Nobel Prize-winning financial expert Robert Shiller said Tuesday that home-price growth is very likely to decrease this year, with demand hit by decreasing affordability, and many more factors.
Mortgage rates have risen from ultra-low levels in 2012, dampening some buyer interest, Shiller mentioned. The average rate for a 30-year fixed-rate mortgage struck a record low of 3.31 percent in November 2012, and has since raised by over 1 full percentage point, basing on federally controlled mortgage buyer Freddie Mac.
” [Rates] are still low, but I think [the rise] has offset a bit of the wild enthusiasm to purchase a house that a lot of people felt in 2012,” Shiller said.
Also, buyers’ expectations about how much their homes could appreciate has been falling, he added.

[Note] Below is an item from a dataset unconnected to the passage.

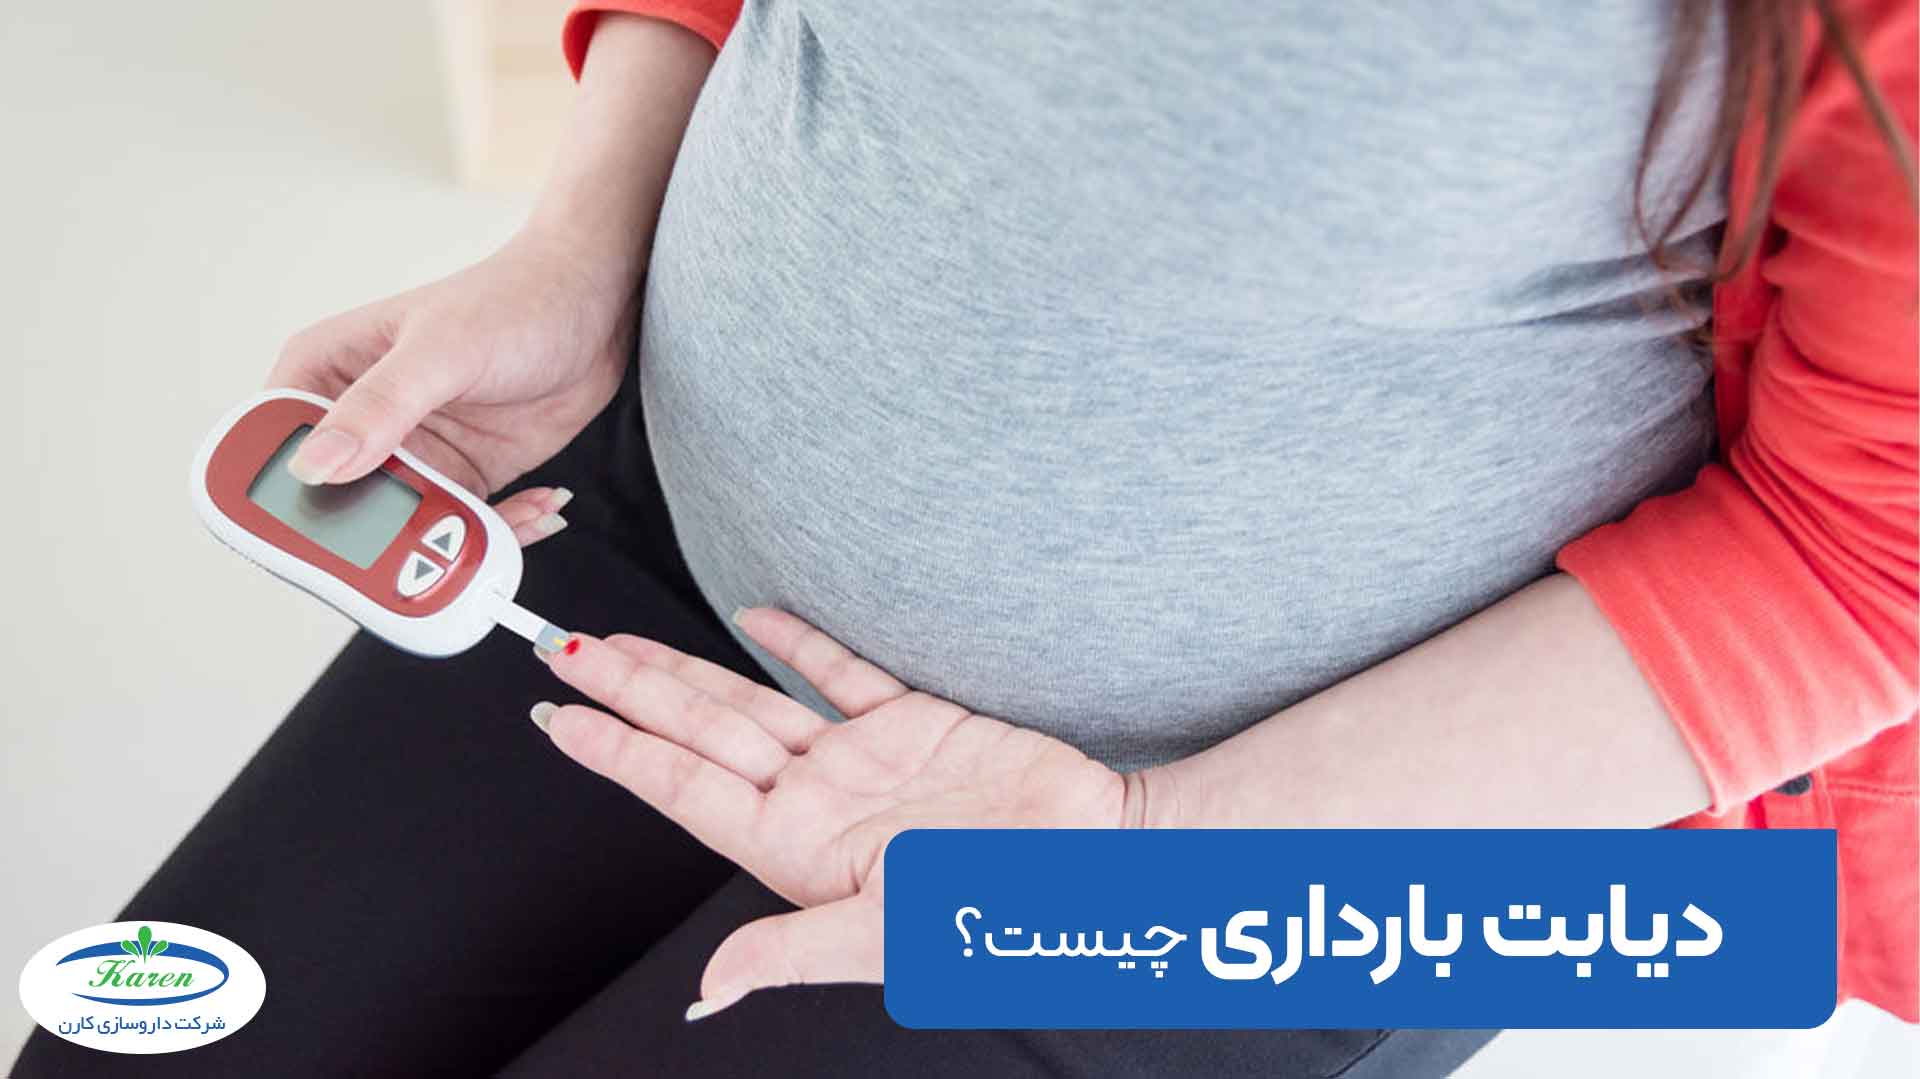 دیابت بارداری چیست و چه خطرهایی مادر را تهدید می کند؟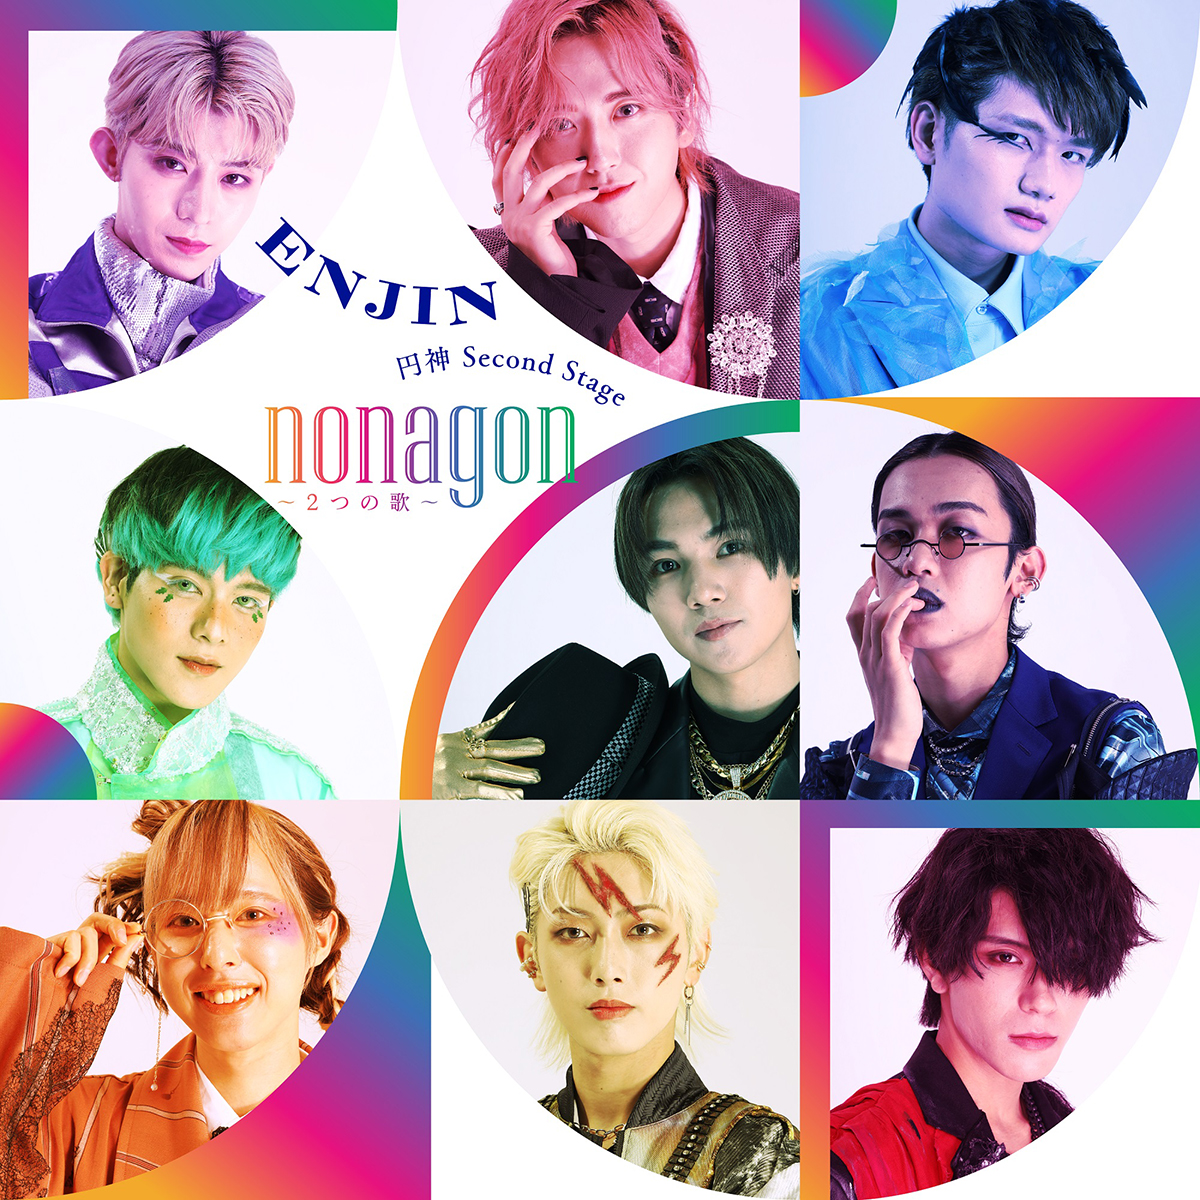 円神 Digital Single「円神 Second Stage『nonagon〜2つの歌～』」

“We are just dropping our general way of a positive outlook when it comes to housing,” Shiller said.
Shiller spoke after a Tuesday early morning report showed that the rate of U.S. home-price growth decreased at the end of 2013. U.S. home prices ticked down 0.1 percent in December, going down for a second month, with 11 of 20 tracked cities posting drops, according to S&P / Case-Shiller’s composite index. Shortly after seasonal changes, home prices in December increased 0.8 percent, downward a bit from 0.9 percent in November. Currently, 2013 discovered the fastest price growth for a calendar year since 2005, according to the S&P / Case-Shiller home-price index that tracks 20 cities.
“Home prices will probably go up this year, but not like they’ve been,” Shiller said. “It’s heading to decrease.”.
Home-price growth in 2014 could be slowed by a variety of factors, along with declining affordability hitting demand. If inventories go up as more sellers become willing and able to place their homes on the market, that could cut upward pressure on prices. Slow job growth may also harm demand, as could new mortgage rules for would-be home buyers and lenders.